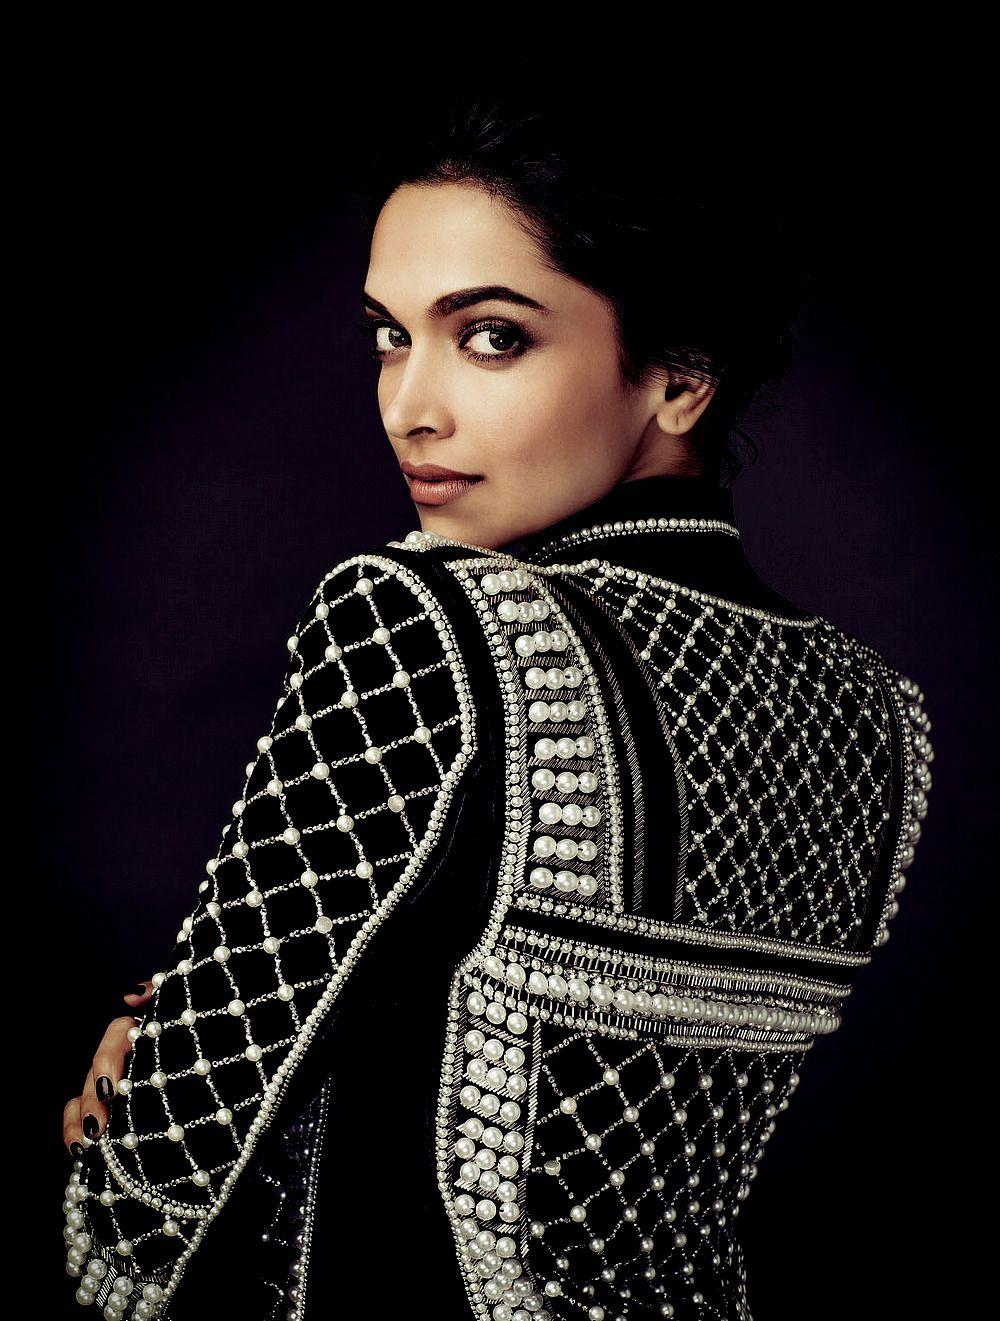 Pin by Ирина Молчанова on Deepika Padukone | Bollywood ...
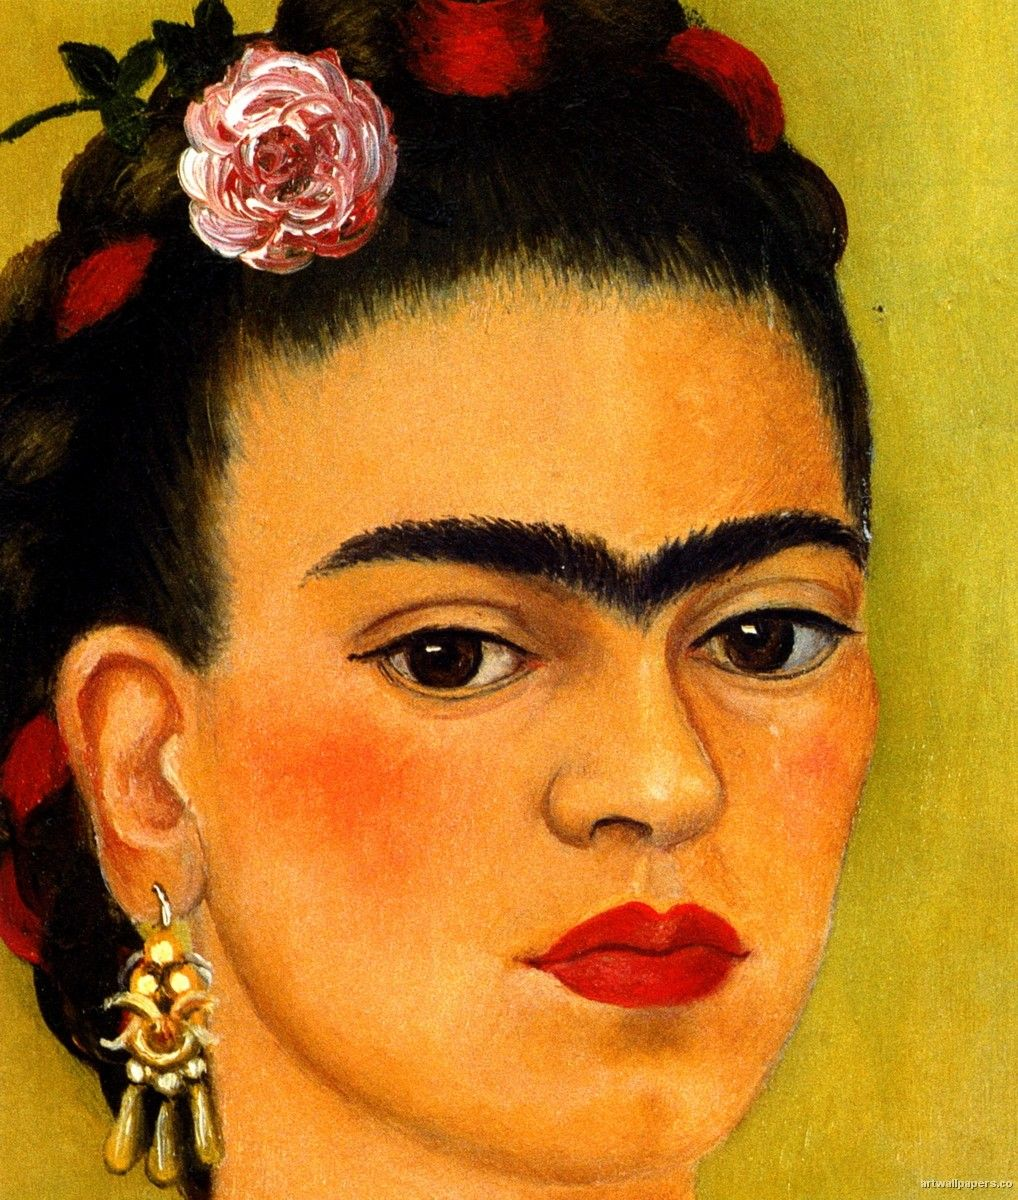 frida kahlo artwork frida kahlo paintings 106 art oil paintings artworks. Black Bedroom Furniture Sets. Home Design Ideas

--

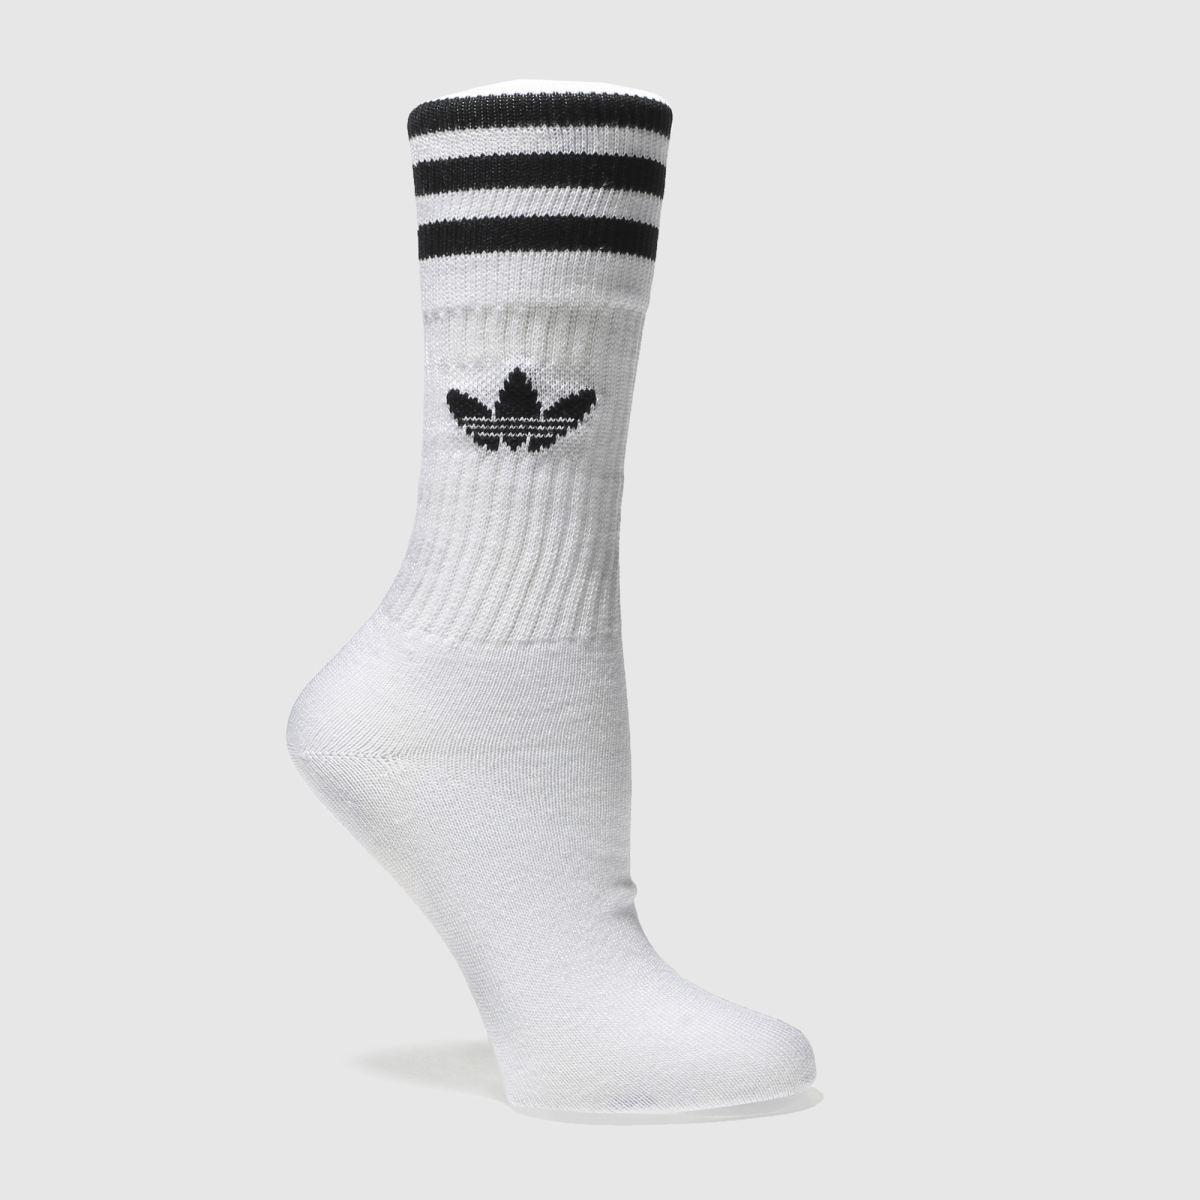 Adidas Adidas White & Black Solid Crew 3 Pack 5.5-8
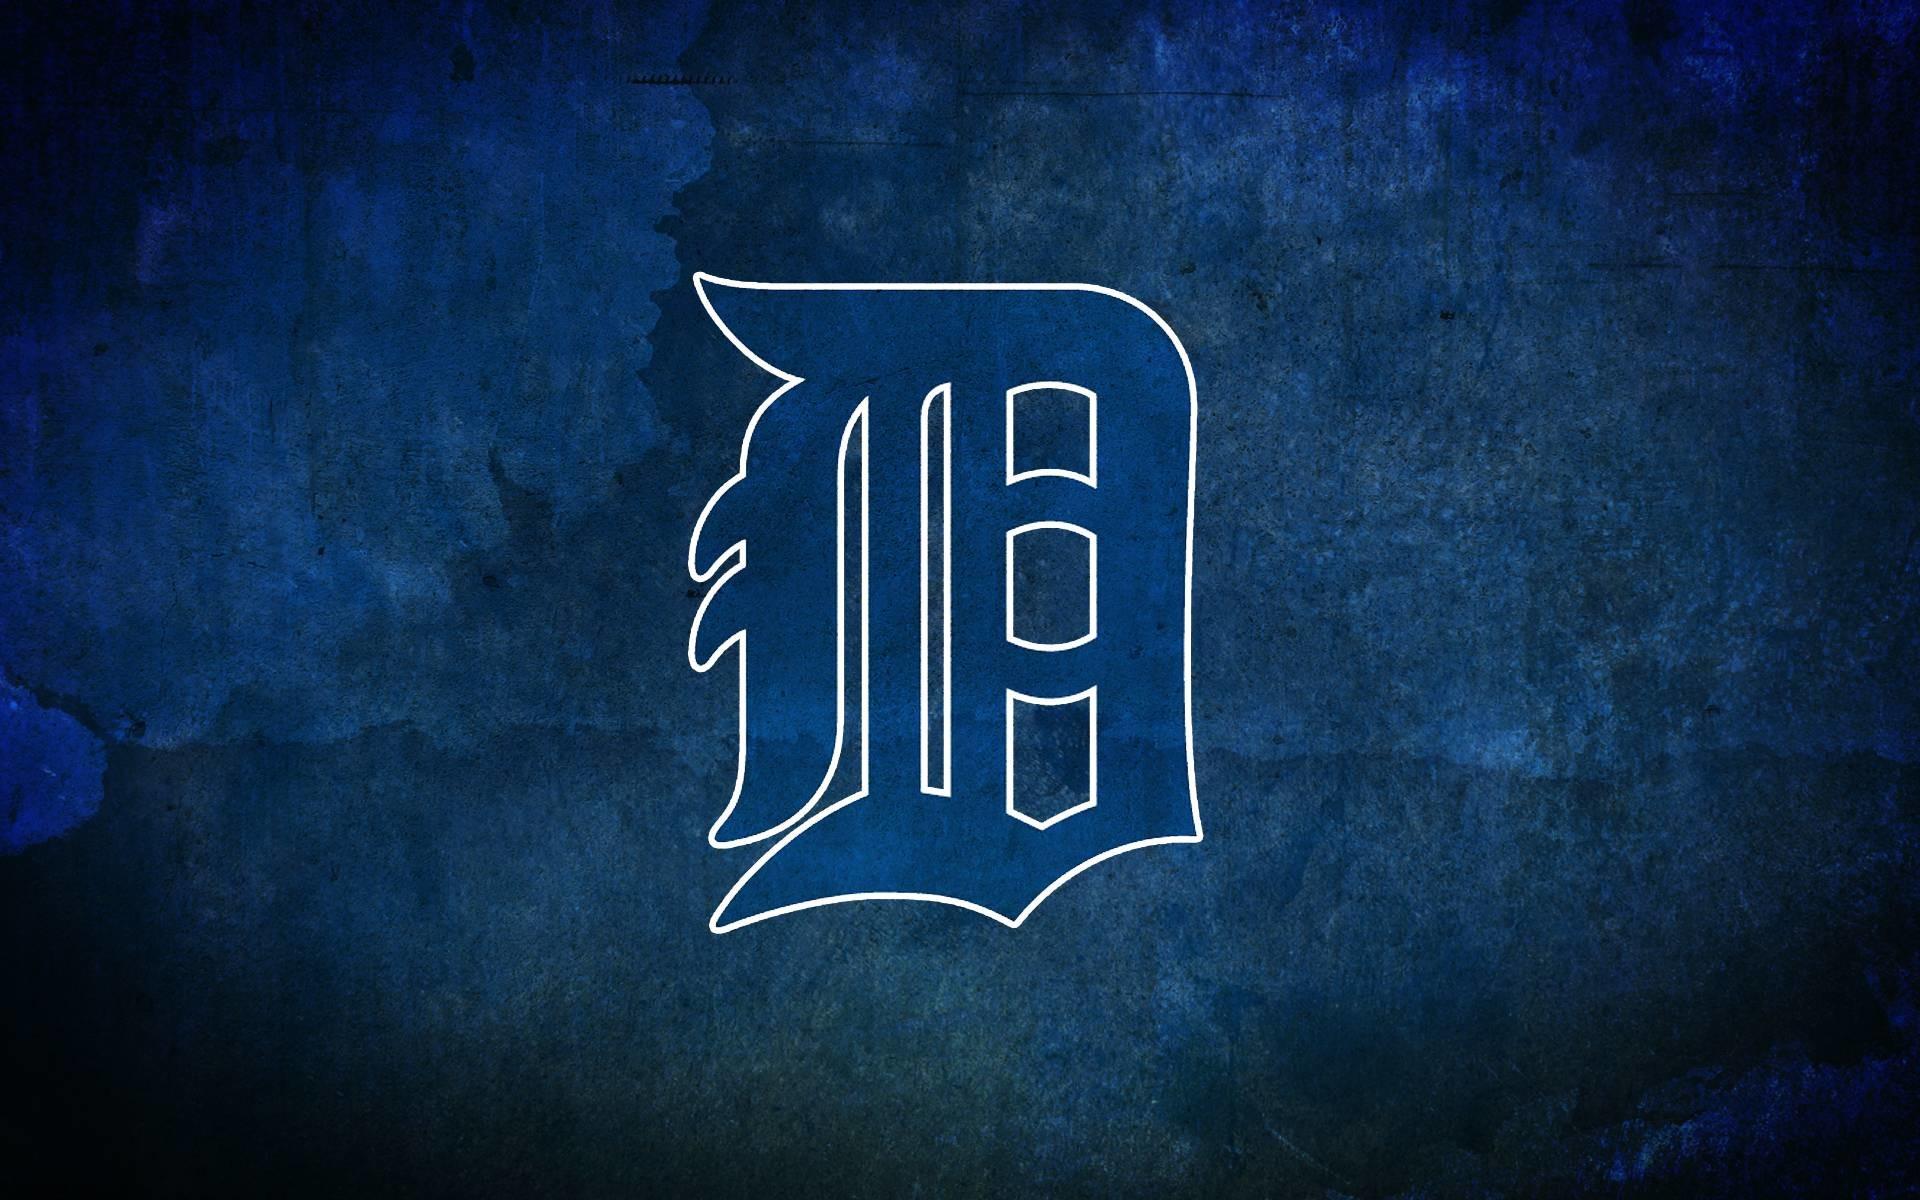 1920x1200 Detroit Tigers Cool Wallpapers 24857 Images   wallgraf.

==

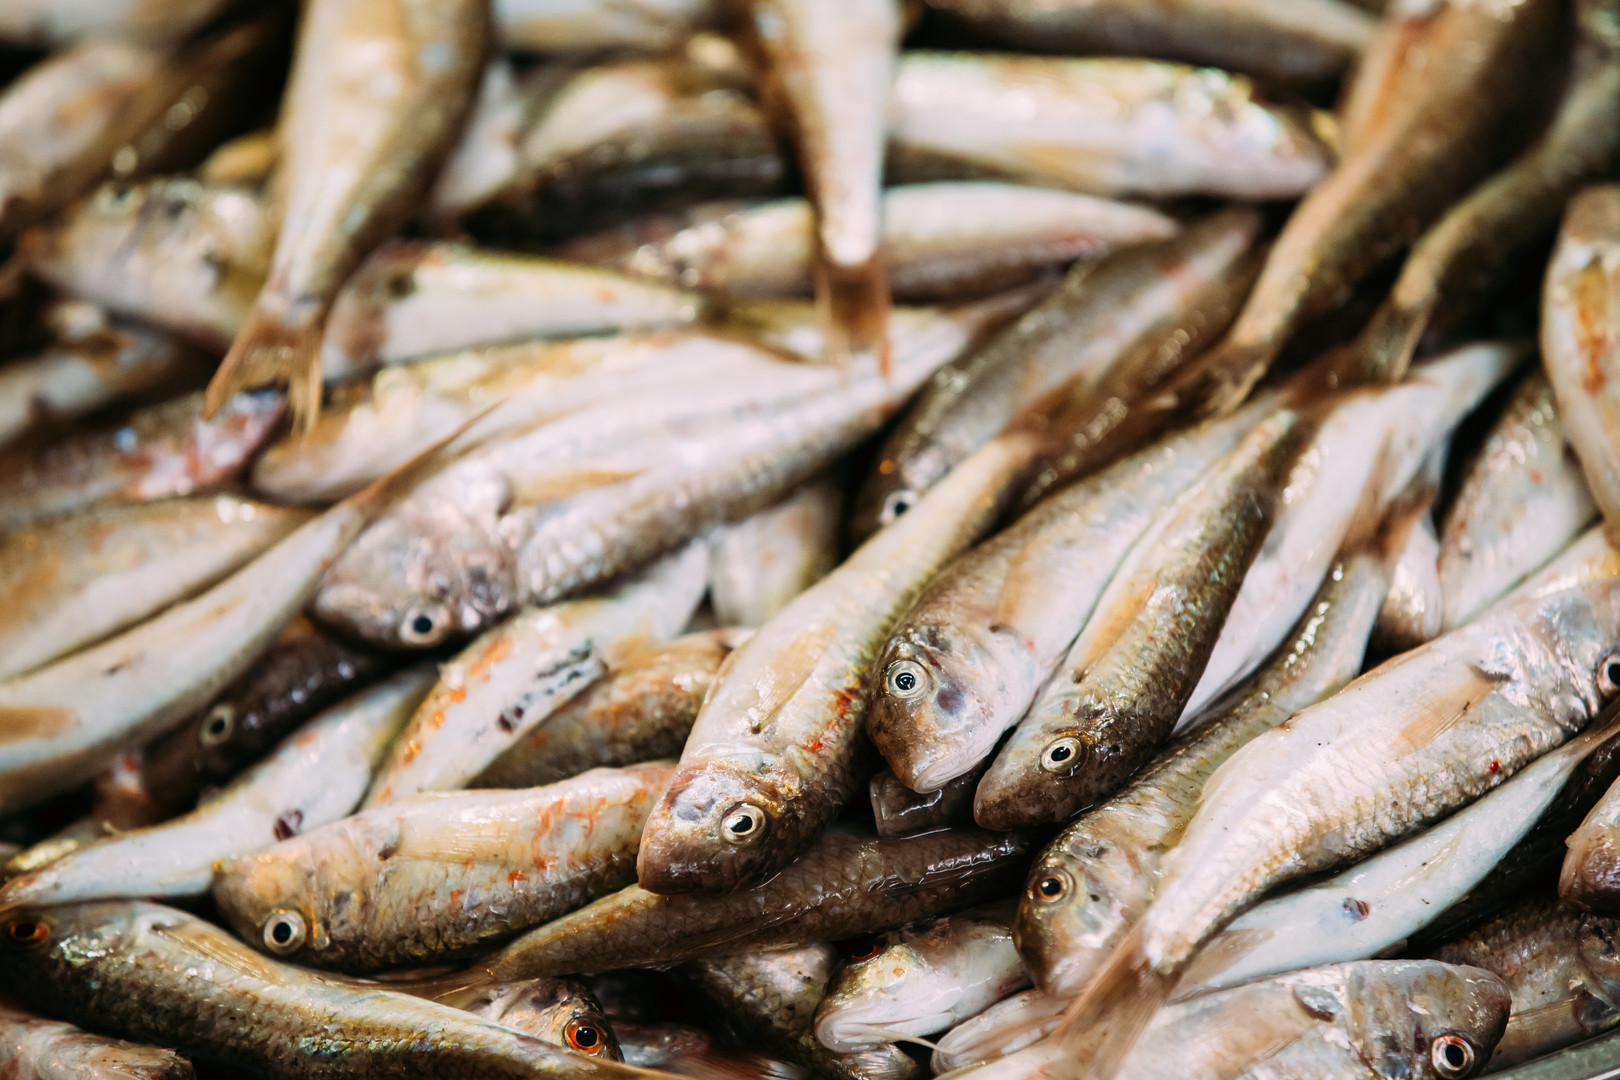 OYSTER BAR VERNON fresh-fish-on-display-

**What this task involves**:
What you write out is the stretch of entries from the line containing "Pin by Ирина" to the line containing "frida kahlo artwork", word for word, with both end lines and no pictures.

**Finished task**:
 Pin by Ирина Молчанова on Deepika Padukone | Bollywood ...
 frida kahlo artwork frida kahlo paintings 106 art oil paintings artworks. Black Bedroom Furniture Sets. Home Design Ideas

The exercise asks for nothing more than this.